Nem toda unanimidade é burra
Diretores do BC devem aumentar a taxa Selic após quatro meses estável, mas a decisão não pode deixar dúvidas sobre compromisso do colegiado
Esta superquarta tem a primeira mudança nos juros básicos dos Estados Unidos e do Brasil em alguns meses. Novamente, os bancos centrais de cada um dos países enfrentam dilemas distindos.
Nos EUA, o grupo liderado pelo presidente do FED (Federal Reserve), Jerome Powell, decidirá entre uma redução de 0,25 ponto percentual e 0,50 p.p. na taxa básica, que está em 5,50% ao ano a 14 meses.
A preocupação por lá é que a economia pode estar desacelerando de forma mais significativa que o antecipado, o que exigiria velocidade no relaxamento monetário.
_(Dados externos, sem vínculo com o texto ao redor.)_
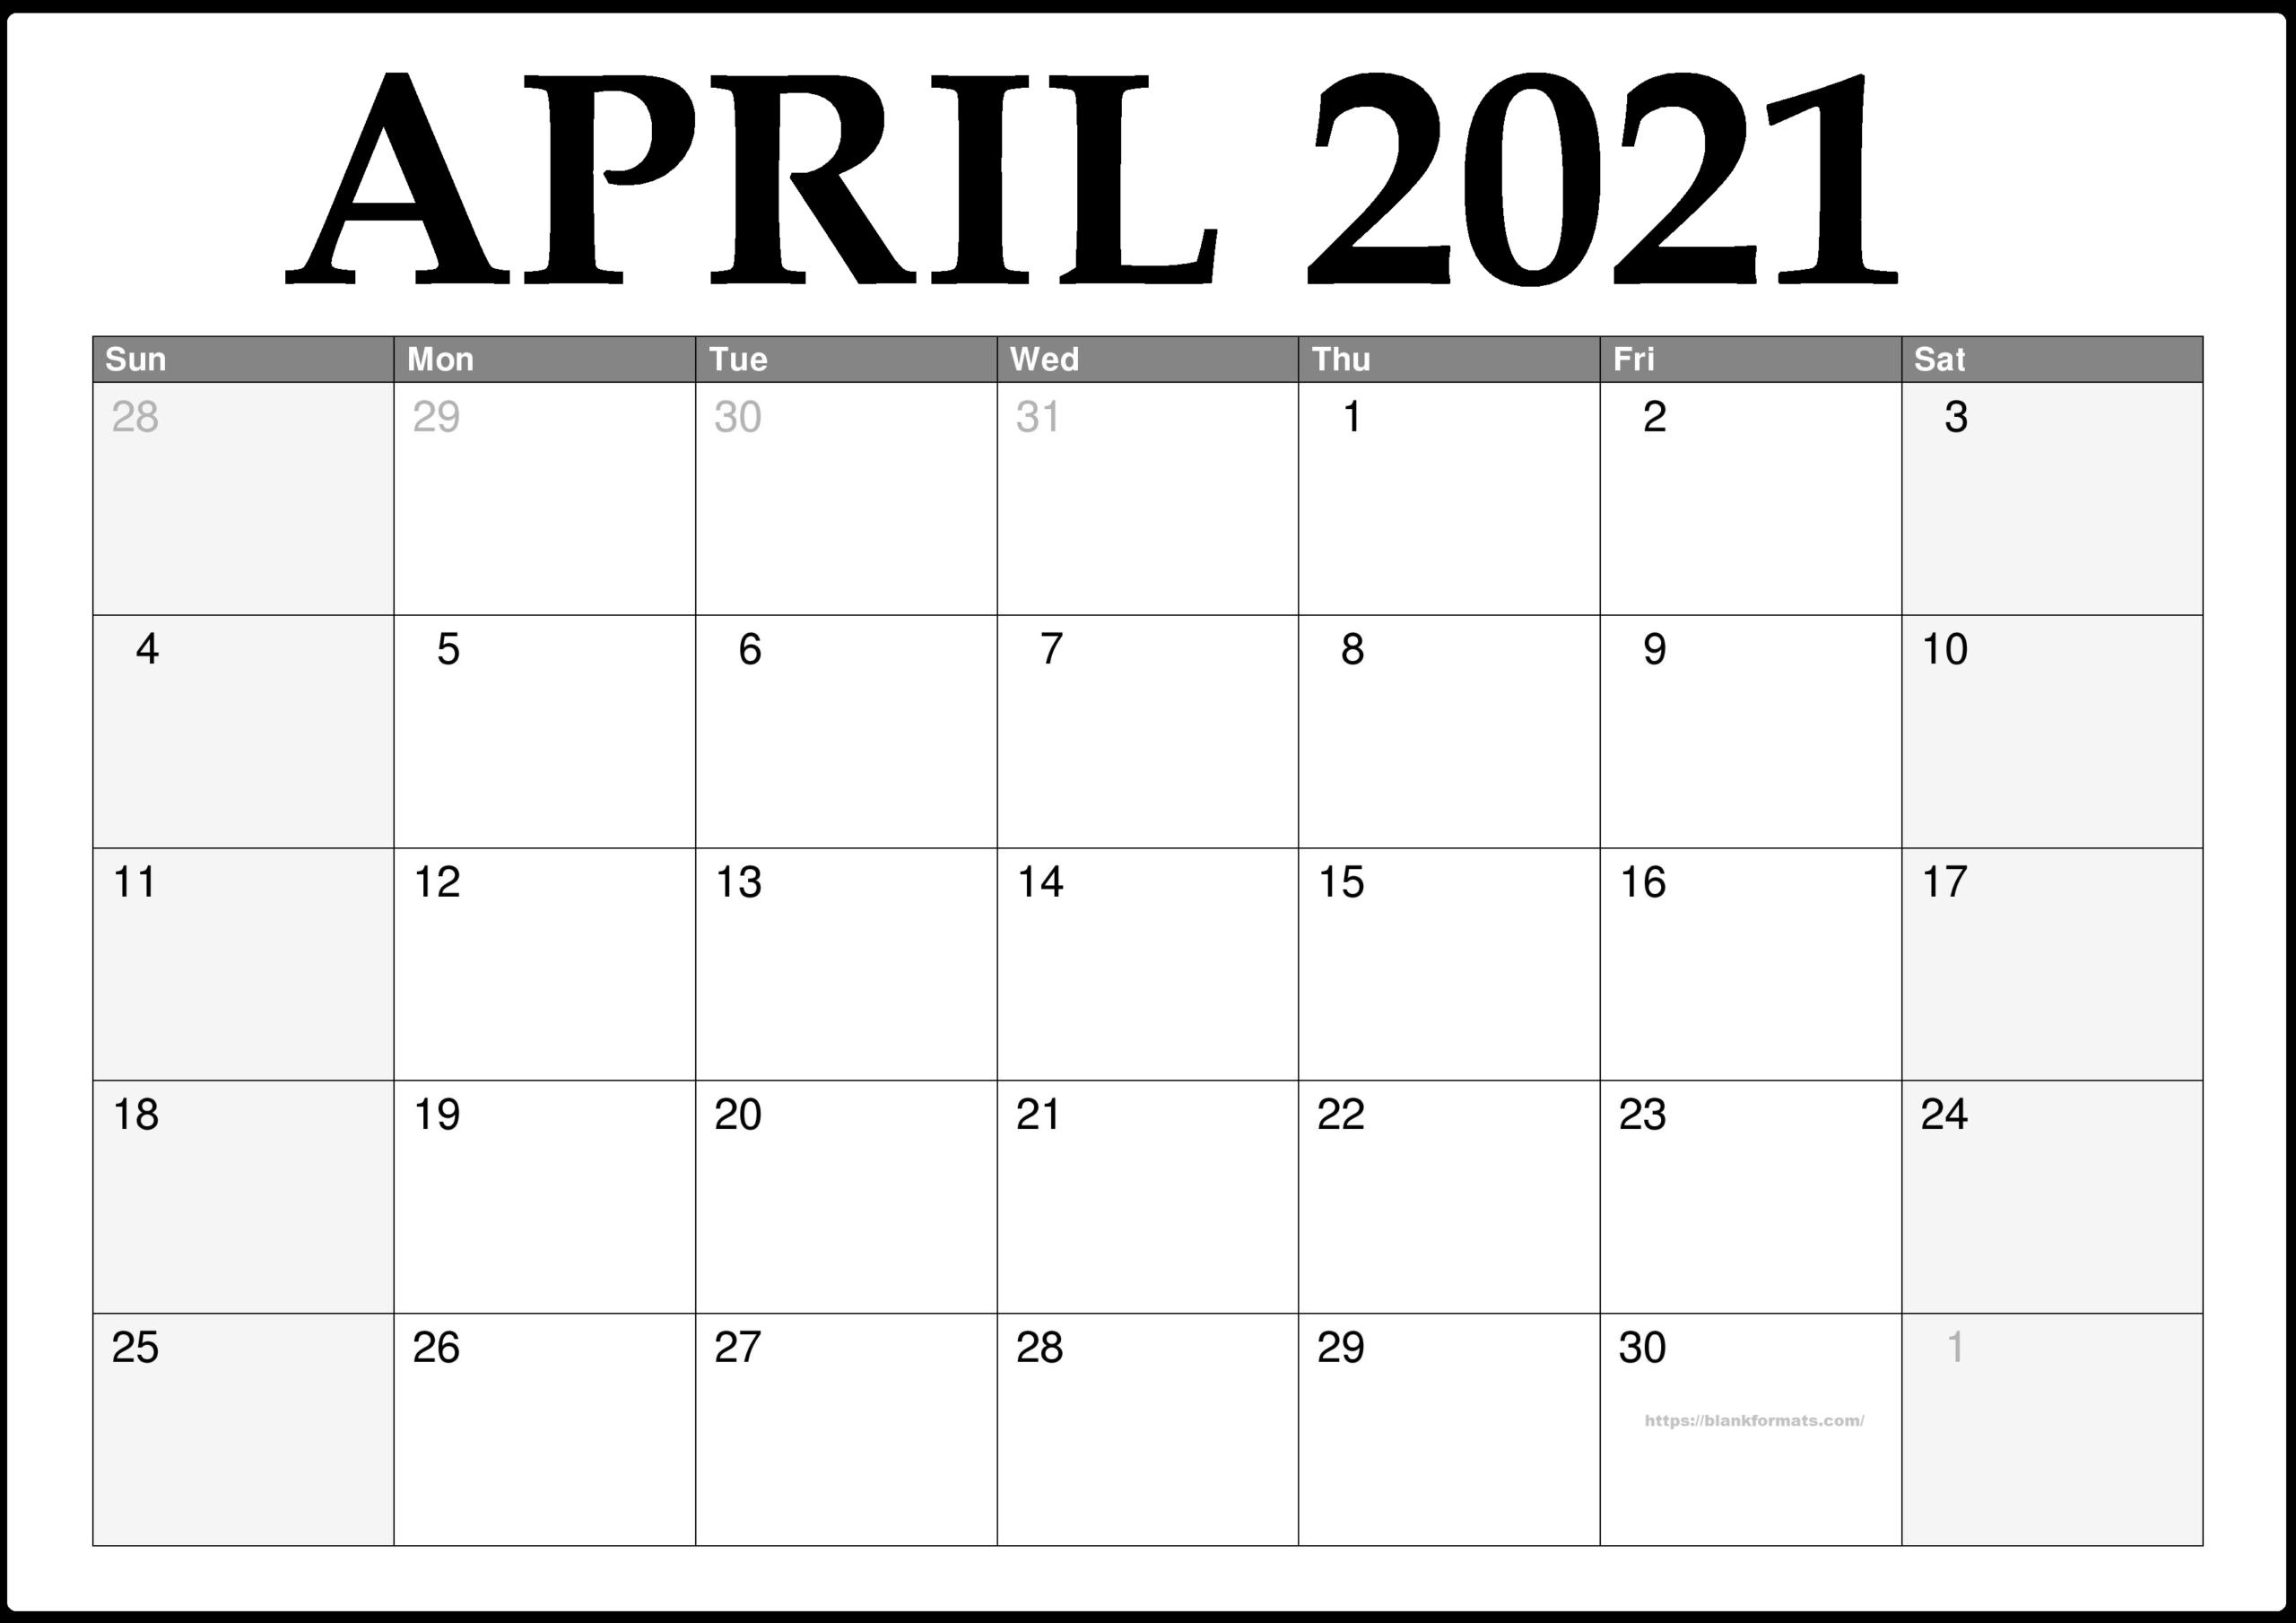 April 2021 Calendar Pdf Word Excel Documents Sheet

O mercado financeiro precifica 62% de chances de uma alta da 0,50 p.p. contra um início de ciclo mais gradual.
Por aqui, o presidente do BC, Roberto Campos Neto, e o futuro presidente da autarquia, Gabriel Galípolo, devem defender um aumento na Selic, dos atuais 10,50% para 10,75% – movimento amplamente antecipado pelo mercado. As chances de um reajuste ainda mais significativo são baixas, mas existem.
A motivação para o aumento após quatro meses de estabilidade na taxa básica de juros seria a desancoragem das expectativas de inflação, isto é, a visão dos agentes econômicos de que se nada mudar não chegaremos aos 3% da meta para o IPCA (Índice de Preços ao Consumidor). Parte importante do motivo para a descrença está na falta de credibilidade do governo Lula com a responsabilidade fiscal.
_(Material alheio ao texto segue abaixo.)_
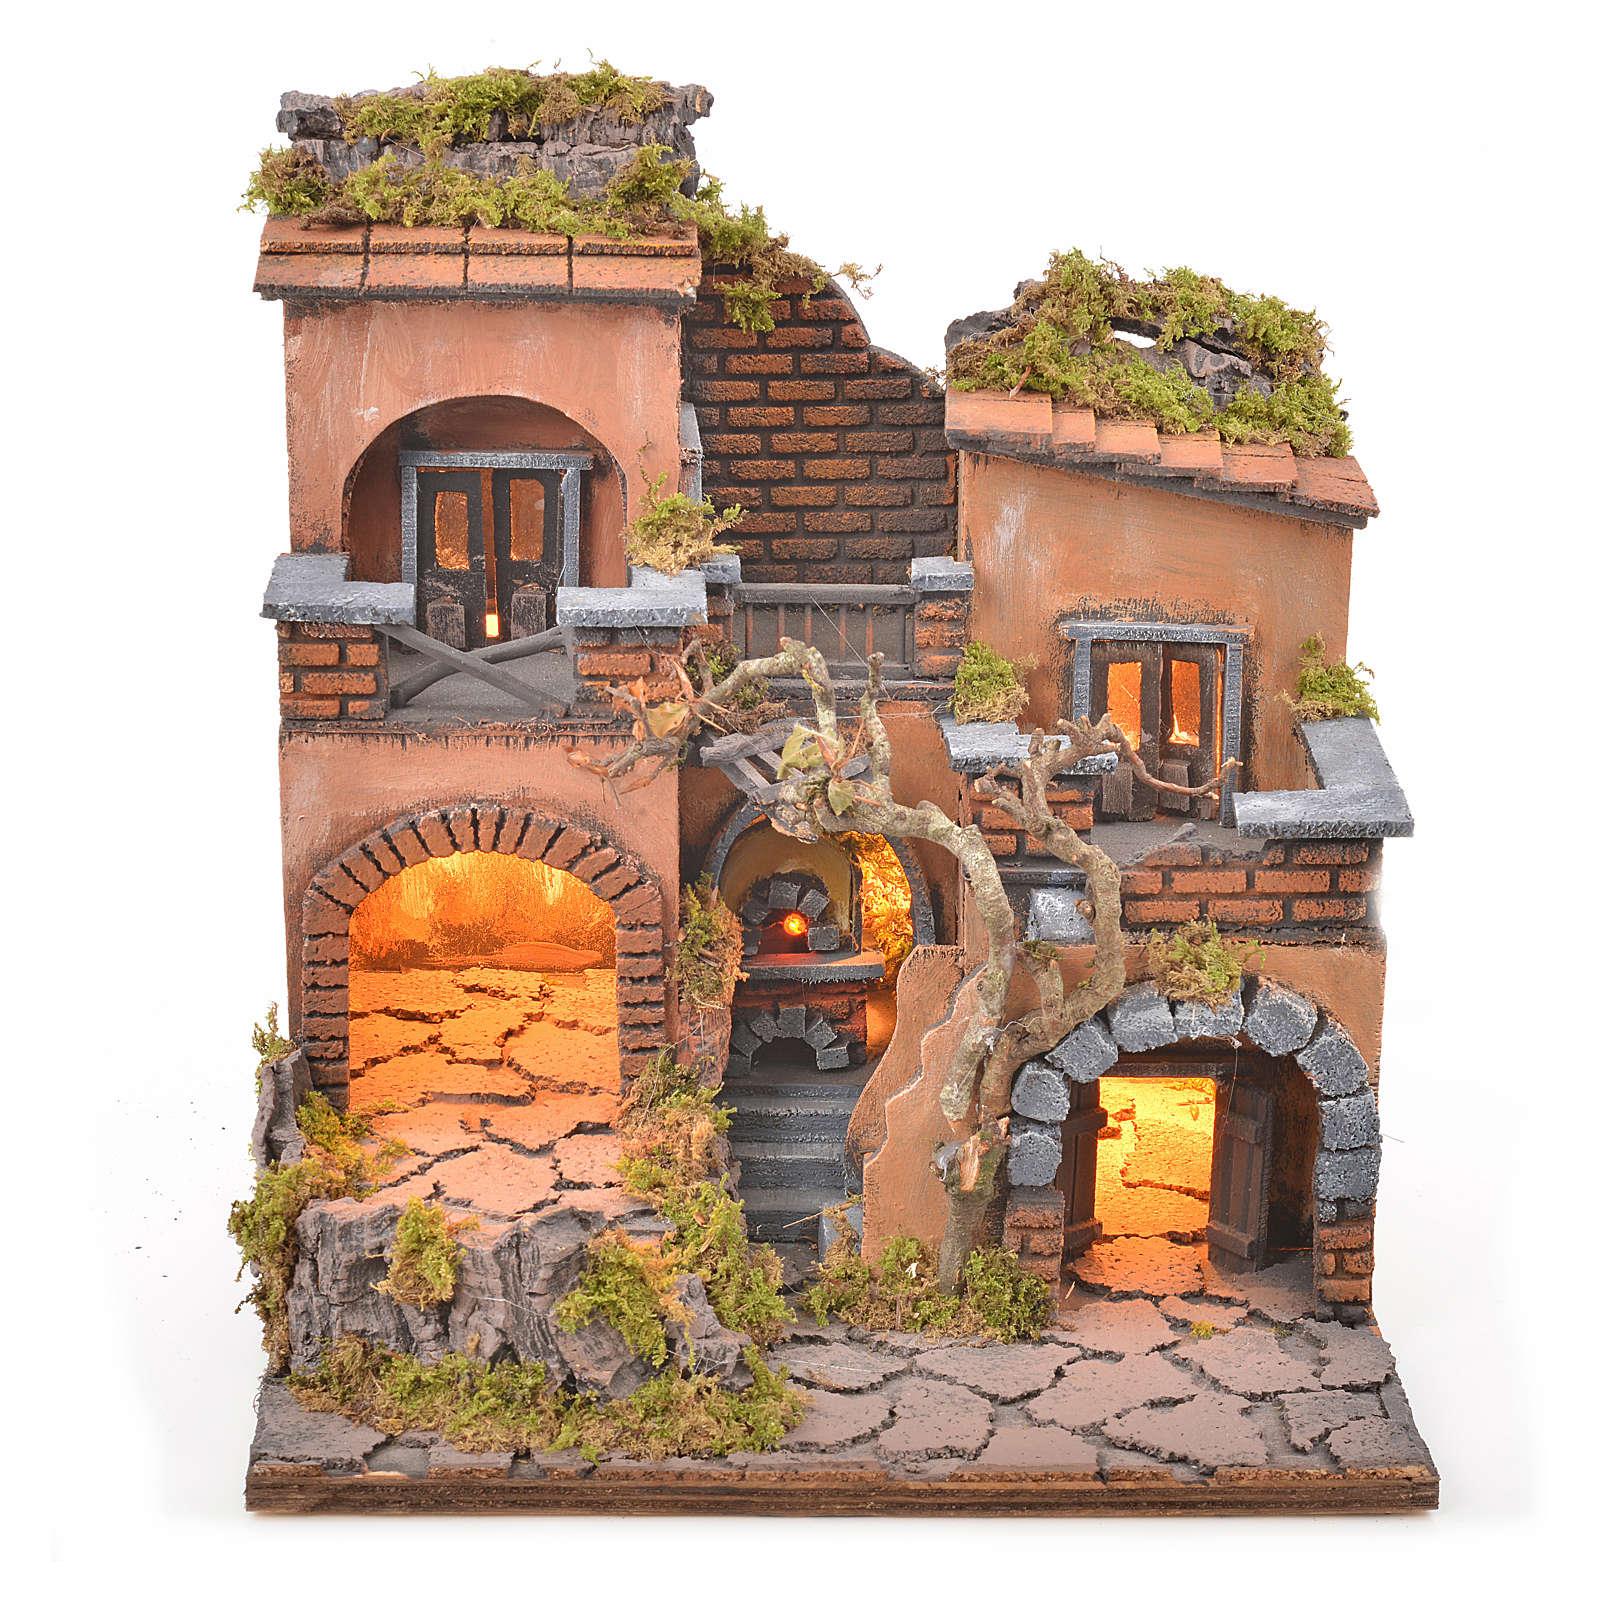 Borgo presepe napoletano con forno e luce 33x32x27 4

O descontrole das contas públicas com sucessivos gastos excetuados nos cálculos da meta fiscal (como a recente liberação de recursos para o combate as queimadas) e a inclusão de receitas não-recorrentes (como o confisco de 8,5 bilhões de reais “esquecidos” na contas dos brasileiros) mostram um governo inclinado ao truque proselitista para fazer de conta que é aquilo que não pretende ser.
A pressão sobre o Banco Central nesse cenário é de última linha de defesa contra um governo que caminha decididamente para a repetição da fórmula que levou ao Brasil a uma das piores crises econômicas da história, no segundo mandato da ex-presidente Dilma Rousseff.
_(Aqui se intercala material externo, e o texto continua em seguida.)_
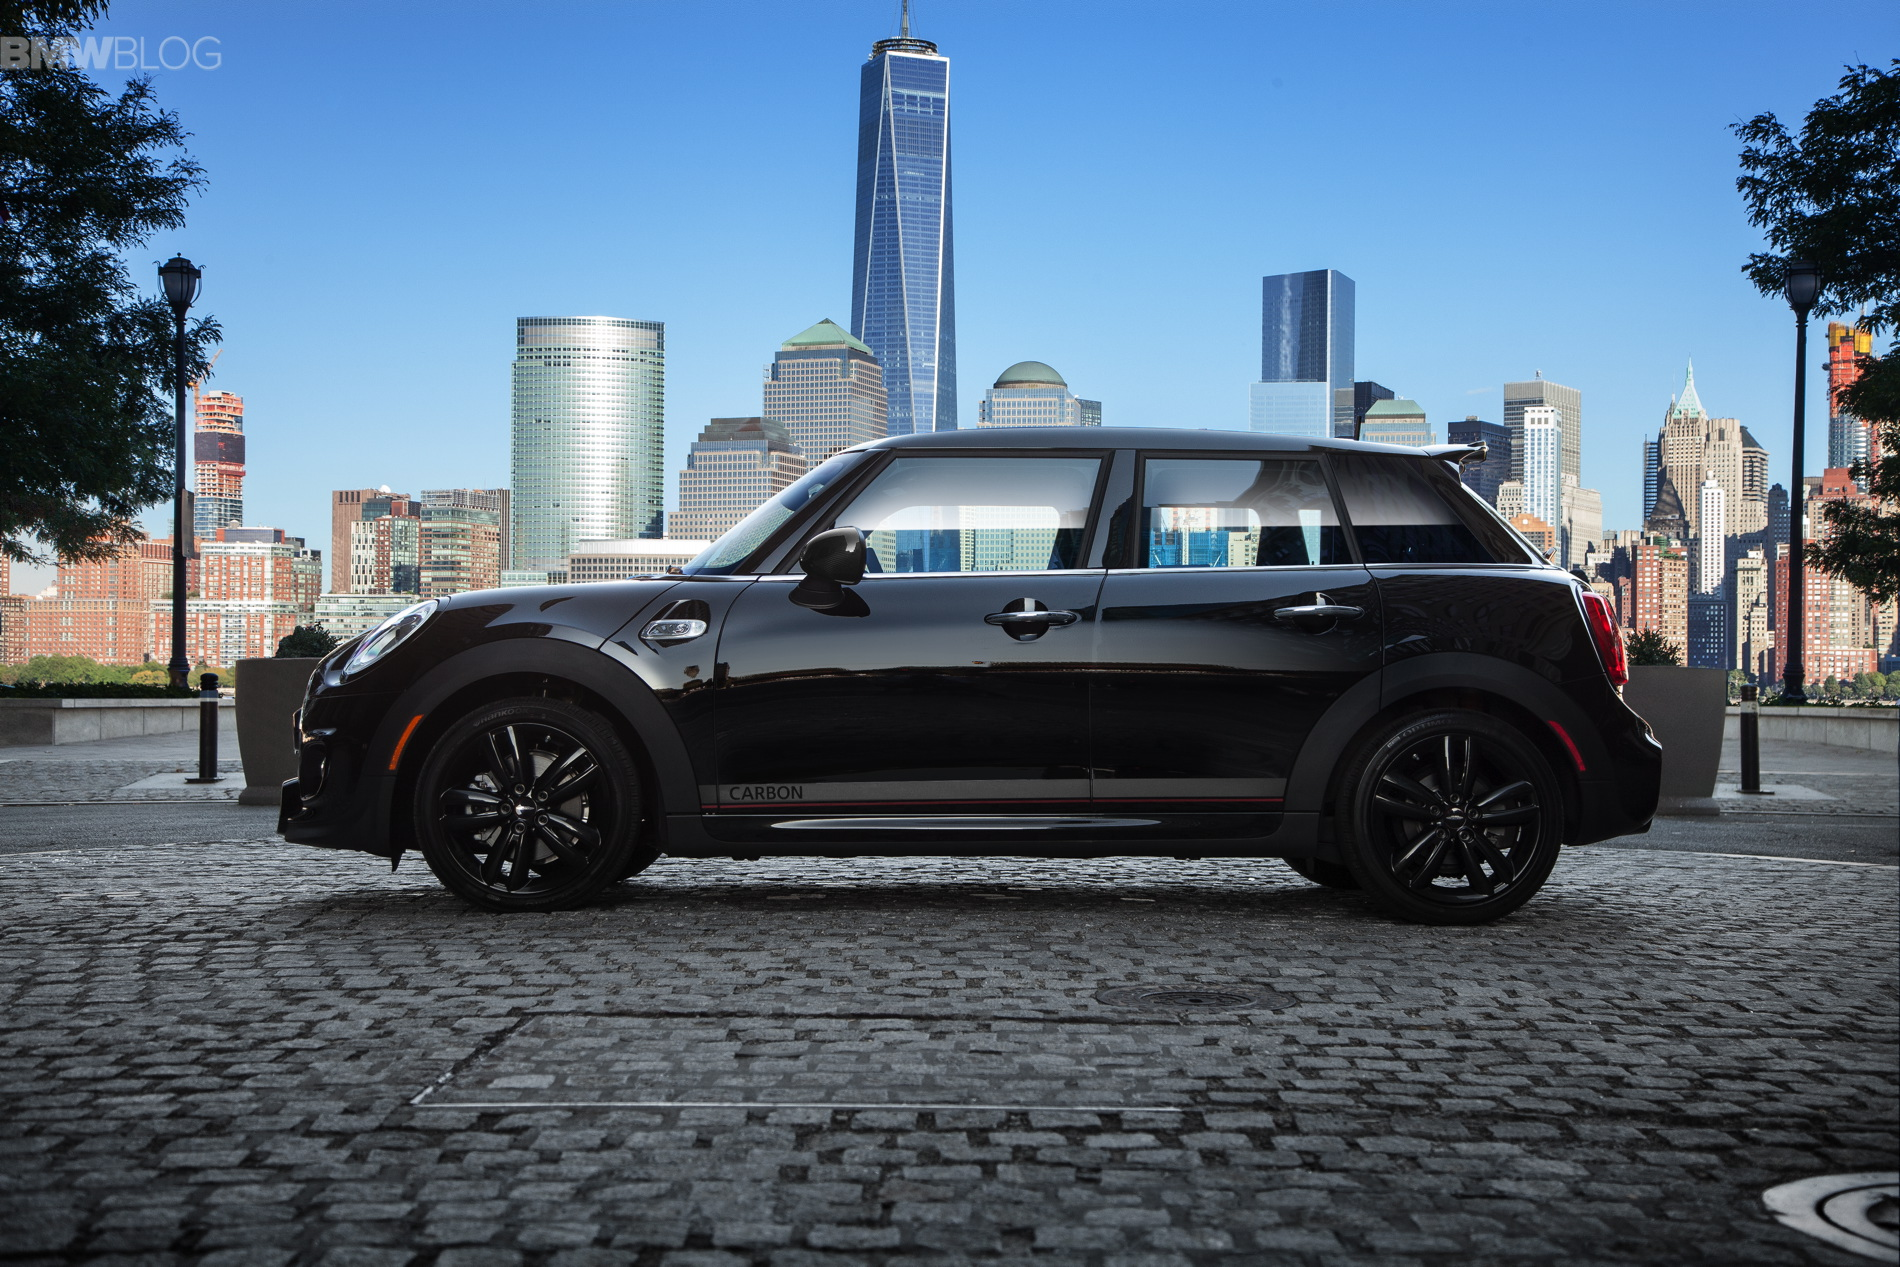 Mini Launches The Cooper S Carbon Edition

Mais do que a amplitude do aumento na taxa Selic, os agentes de mercado querem ver se o grupo de escolhido por Lula para o BC serão independentes de fato. Uma decisão dividida, como a de maio deste ano – quando todos os quatro indicados do petista optaram por uma política monetária mais relaxada, pode ter efeitos custosos para o país.
Só a unanimidade entre os membros do Copom (Comitê de Política Monetária) do BC na decisão da quarta-feira, 18, pode aliviar parte da desconfiança dos agentes econômicos com a influência de Lula sobre os diretores indicados por ele à autarquia. Neste caso específico, aderentes à lógica de Nelson Rodrigues, será necessário trair a máxima cunhada pelo autor de que toda unanimidade é burra.
É claro que o aumento dos juros em um país com um governo sem a mínima responsabilidade fiscal pode levar o Brasil à temida dominância fiscal – em função do descontrole com o aumento da dívida e o custo desses empréstimos, mas quais opções a autarquia responsável pelo controle da inflação tem à disposição neste momento?